- [EXERCISE OBJECTIVE]:
Output all of the data below without changing a word, and exclude the pictures.
[DATASET EXTRACT Boundary: Start]
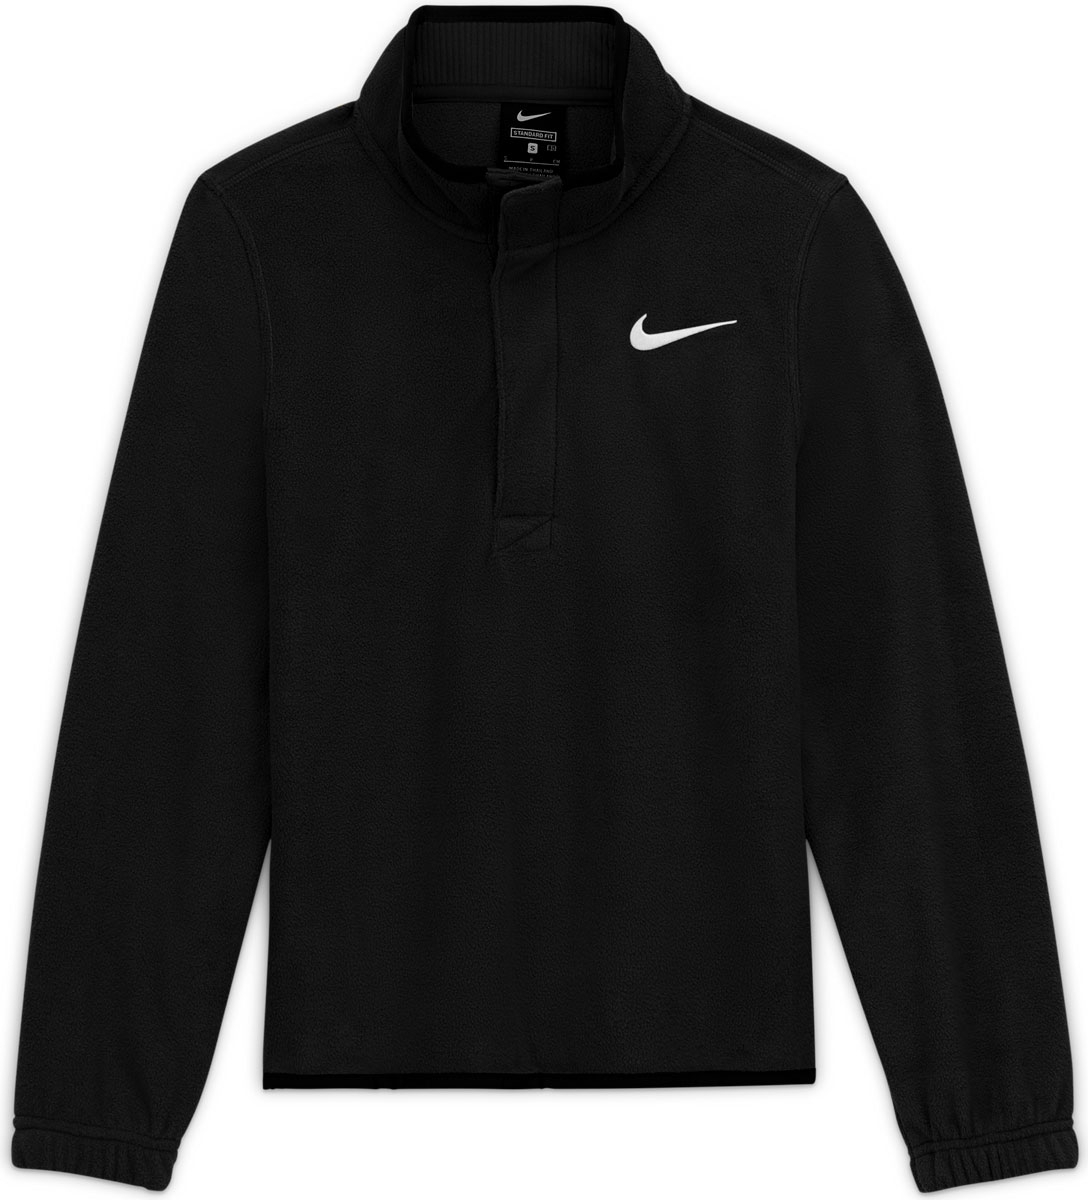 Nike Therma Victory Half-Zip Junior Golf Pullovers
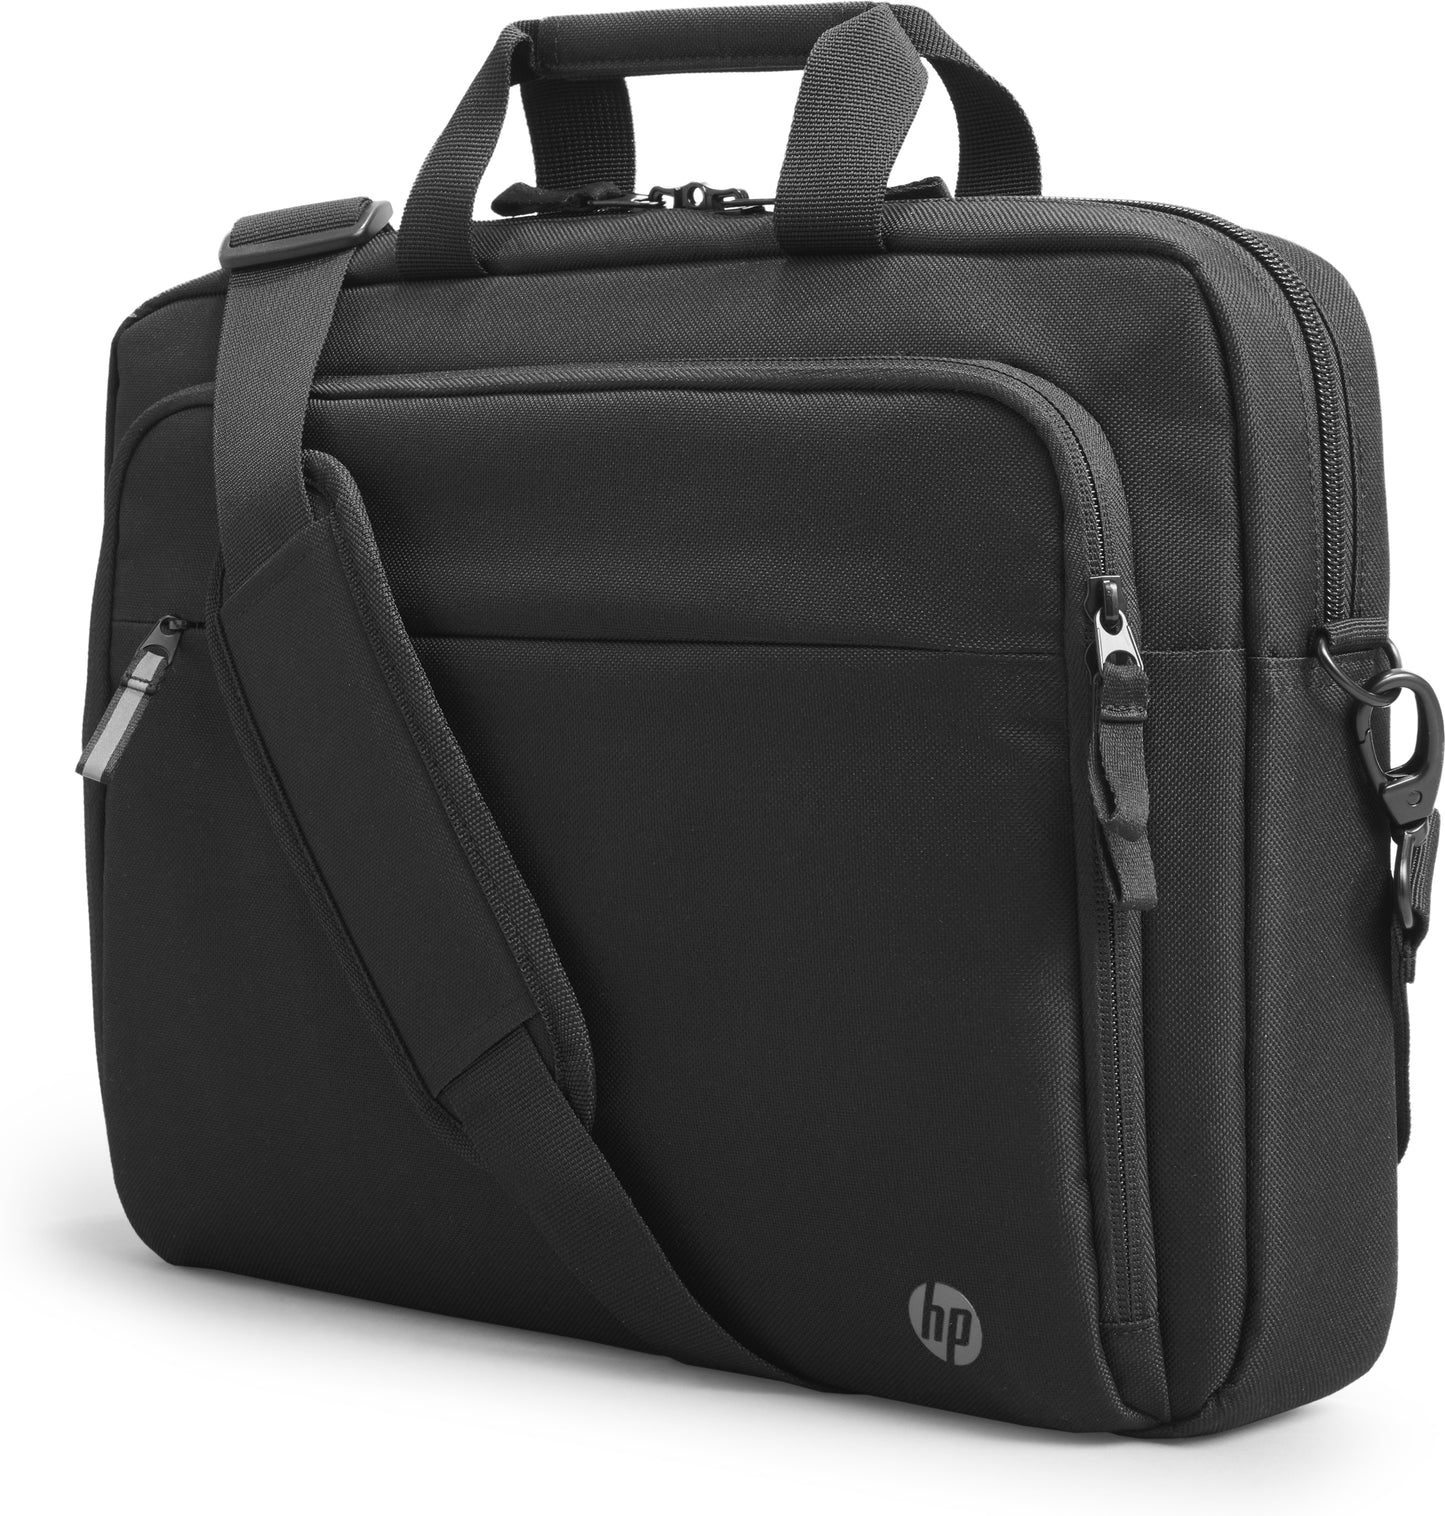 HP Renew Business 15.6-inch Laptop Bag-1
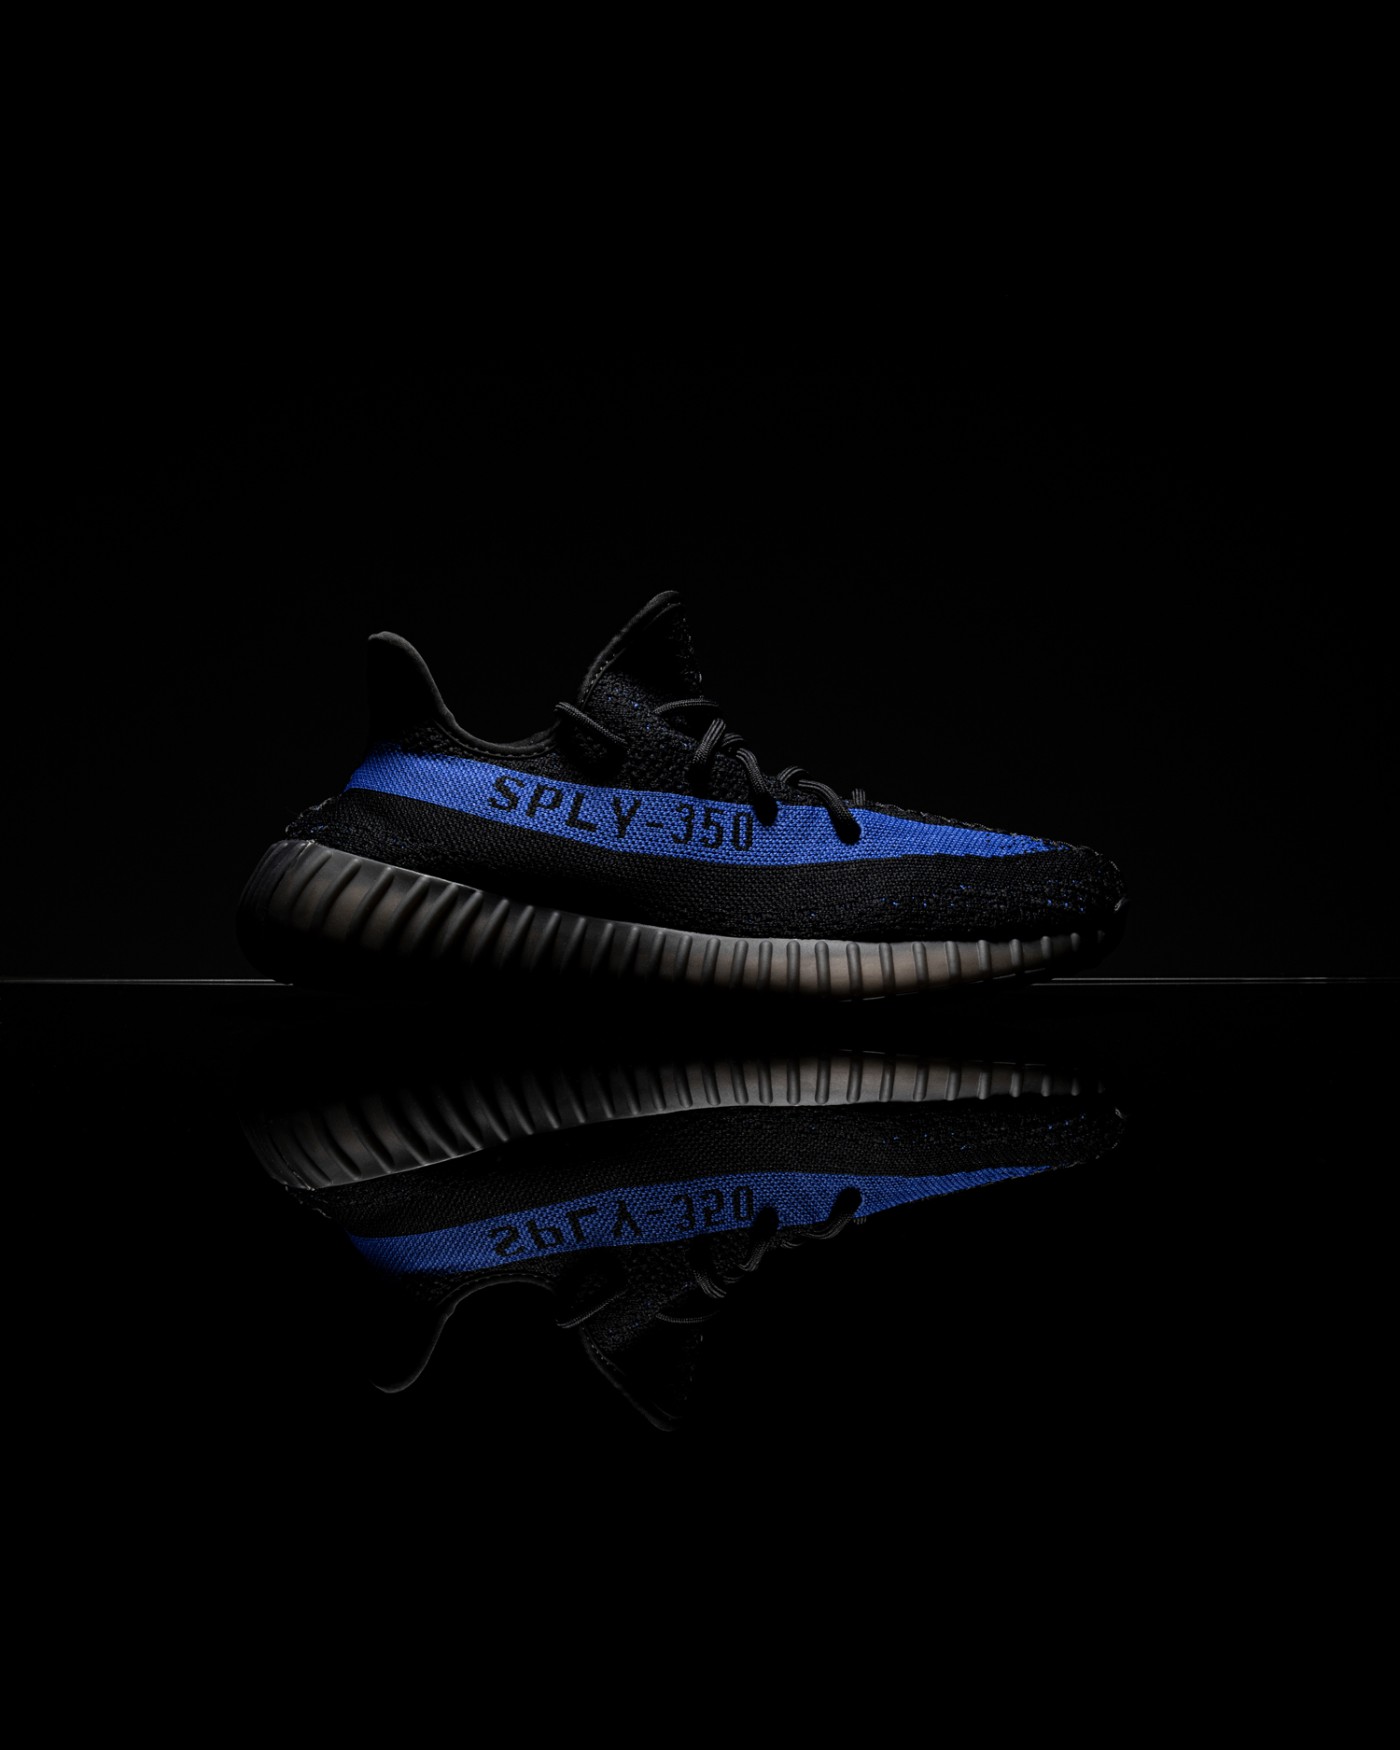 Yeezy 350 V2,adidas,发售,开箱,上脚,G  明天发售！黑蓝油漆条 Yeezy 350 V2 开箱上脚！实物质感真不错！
[DATASET EXTRACT Boundary: End]
- [RESPONSE AREA]:
 Nike Therma Victory Half-Zip Junior Golf Pullovers
 HP Renew Business 15.6-inch Laptop Bag-1
 Yeezy 350 V2,adidas,发售,开箱,上脚,G  明天发售！黑蓝油漆条 Yeezy 350 V2 开箱上脚！实物质感真不错！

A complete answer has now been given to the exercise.